Petitioner contends that the school district took over a program formerly provided by BOCES when it withdrew three special education students, placed them in a similar program within the district, and appointed a new probationary teacher for its special education program. The district, however, insists that it did not take over the operation of a program formerly provided by BOCES, but simply altered its existing program for the education of certain handicapped students to a different and less restrictive program, in compliance with State and Federal law mandating that handicapped children be placed in the least restrictive program appropriate to their needs.
As this court stated in Matter of Acinapuro v Board of Coop. Educational Servs. (89 AD2d 329, 335), “where a component school district withdraws its students from a BOCES program and establishes an equivalent program of its own, it has taken over the program within the contemplation of section 3014-b of the Education Law (see Matter of Owlett, 16 Ed Dept Rep 317; see, also, Matter of Angello v Board of Coop. Educational Servs., 80 Misc 2d 472, affd 55 AD2d 806).”
This court has previously approved of a procedure directing BOCES to notify teachers who were affected by a program “takeover” of the fact of the takeover (Matter of Acinapuro v Board of Coop. Educational Servs., supra, p 338). However, where, as here, the component school district has withdrawn only 3 students out of 14 in a program, whether or not a takeover has occurred is less obvious than in a situation where the district has withdrawn all or most of its students, particularly where, as here, the district informed BOCES that the withdrawals did not constitute a takeover of any BOCES program by the district. Accordingly, we reject petitioner’s argument that BOCES had an affirmative duty to notify her that students had been withdrawn from the special education program (Matter of Acinapuro v Board of Coop. Educational Servs., supra, p 338).

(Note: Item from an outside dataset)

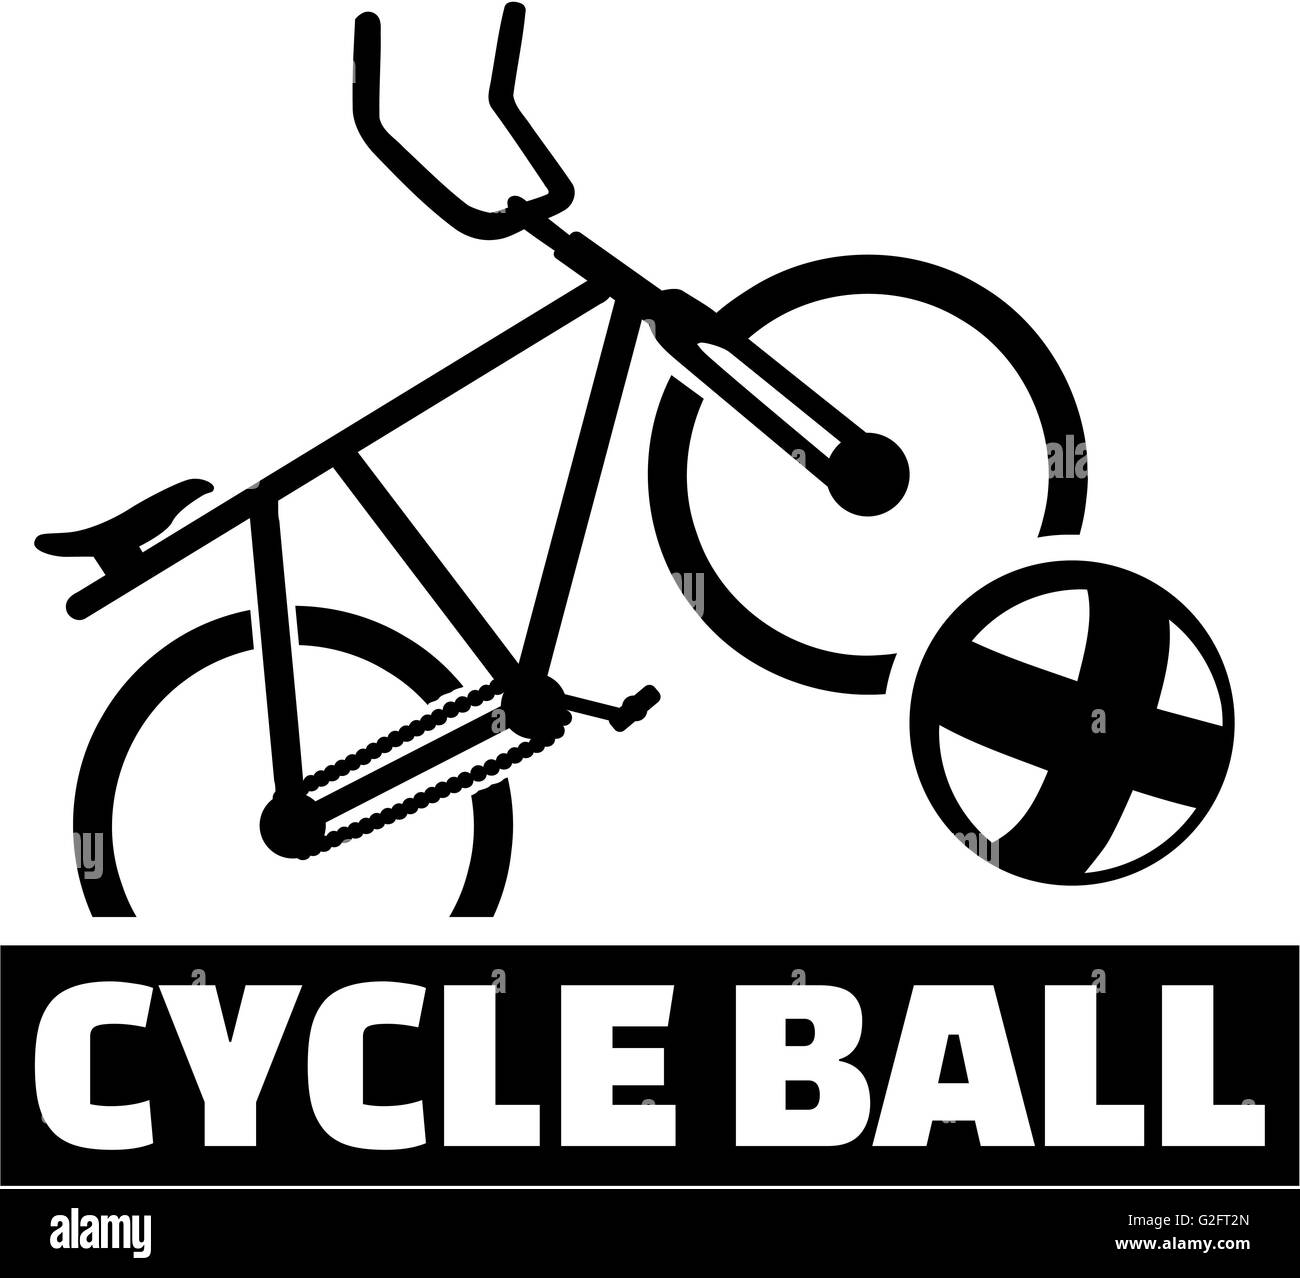 de ciclo bike ball y nombre Fotografía de - Alamy

However, insufficient facts were developed at Special Term concerning whether or not there was in fact a takeover (Education Law, § 3014-b). Therefore, we reverse the judgment appealed from, and remit the matter to Special Term for a hearing and new determination on that issue.

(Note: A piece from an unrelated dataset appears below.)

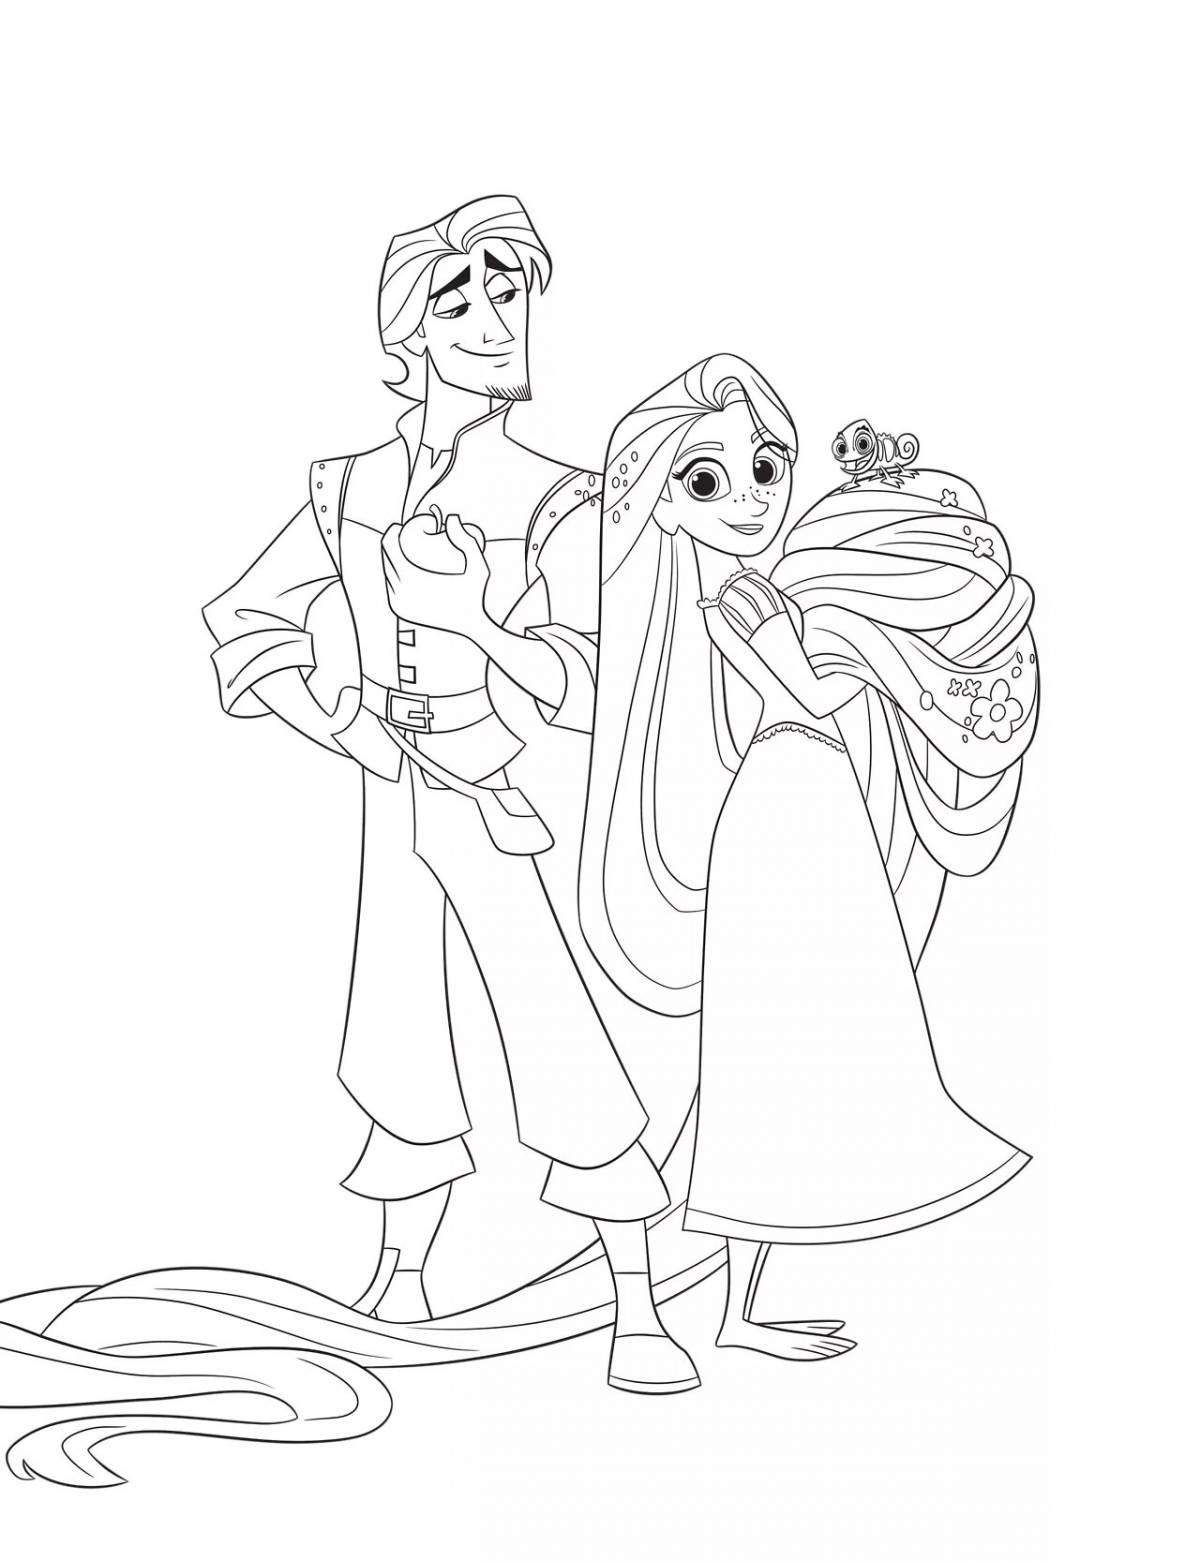 Rapunzel and Eugene #6

*624As our Court of Appeals has stated, “[t]he tenure statutes are intended to protect the teacher and not become a trap to those not guileful enough to avoid it” (Matter of Baer v Nyquist, 34 NY2d 291, 299). The determination of whether or not there has been a takeover will involve a detailed exploration into, inter alia, (1) the reasons why the three children were withdrawn from BOCES; (2) the program offered to these children at BOCES; (3) the program offered these children by the district on their return; (4) whether the program offered these children by the district was equivalent to the program offered by BOCES; (5) the reasons why the district hired a new probationary teacher; and (6) the reasons why petitioner was excessed by BOCES. Finally, Special Term must decide whether the decision by the school district, in deciding that section 3014-b of the Education Law did not apply, was correct (see Matter of Barone v Board of Coop. Educational Servs., Supreme Ct, Suffolk County, Feb. 20, 1984, Lama, J.).
We note that the teacher presently occupying the position to which petitioner claims entitlement need not be joined as a necessary party (see Matter of Lezette v Board of Educ., 35 NY2d 272). Gibbons, J. P., Brown, Niehoff and Boyers, JJ., concur.